A similar rationale—the primacy of collective health—can be applied to any number of activities that invite unnecessary risk that technology can mitigate. Foremost among these is the terribly dangerous American habit of driving a car.
In 2017, there were over 40,000 automobile-related fatalities. This was the second consecutive year in which the roads were that deadly and, if observers who attribute this rate of fatal traffic accidents to an increase in smartphone ownership are correct, there will not be a decline anytime soon. A 2015 study purported to show that replacing manual vehicles with autonomous cars or vehicles with advanced driver-assistance systems could eliminate up to 90 percent of all fatal accidents and save as many as 300,000 American lives each decade. It is perhaps only a matter of time before the option to own a driverless vehicle becomes a mandate with a hefty financial penalty imposed on those who opt out.
“[T]he threat to individual freedom that the driverless car is set to pose is at this stage hard to comprehend,” wrote National Review’s Charles C.W. Cooke. Presently, the car transports its diver to wherever they’d like to go, whether there are roads to facilitate the journey or not. In a driverless world, as Cooke noted, the driver becomes a mere occupant. They must essentially ask the car for permission to transit from point A to point B, and the whole process is monitored and logged by some unseen authorities. Furthermore, that transit could ostensibly be subject to the veto of state or federal authorities with the push of a button. That seems a steep price to pay for a little convenience and the promise of safety.

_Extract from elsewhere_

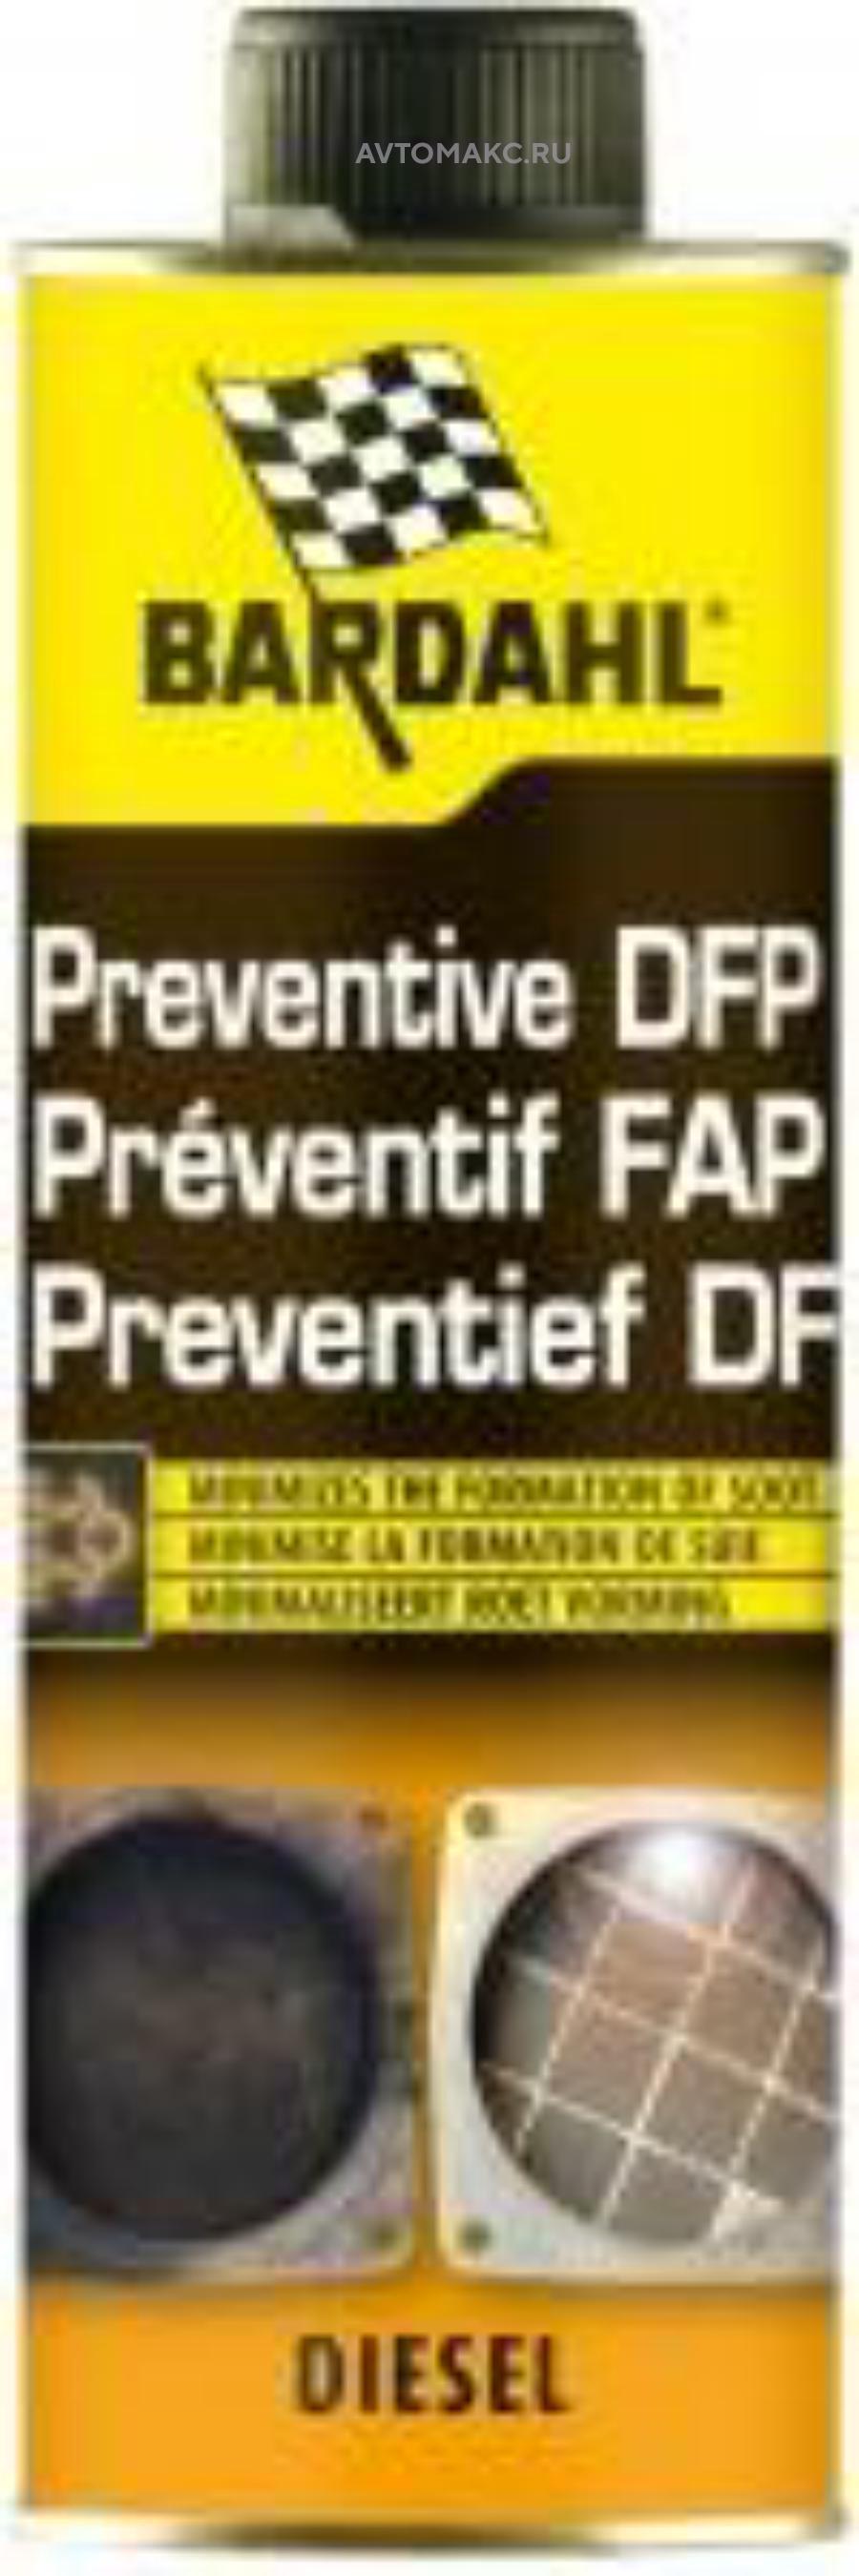 Добавка в дизельное топливо (на 15 л) Preventive Dpf Treatment 300 мл (3612)

The pursuit of convenience, as Professor Wu explained, has resulted in remarkable social leveling. We enjoy more time today for “self-cultivation,” once only the province of the wealthy and aristocratic, than at any point in history. And yet, we cannot know true liberty without hardship. “The constellation of inconvenient choices may be all that stands between us and a life of total, efficient conformity,” Wu concluded.
There is more to celebrate in the technological revolutions of the last quarter-century than there is to lament. But in the pursuit of convenience, we’ve begun to make spontaneity irrational. In life, the rewards associated with experience are commensurate with that which is ventured. In a future in which the world’s sharp edges are bubble-wrapped, your life may exceed today’s average statistical length. But can you really call it living?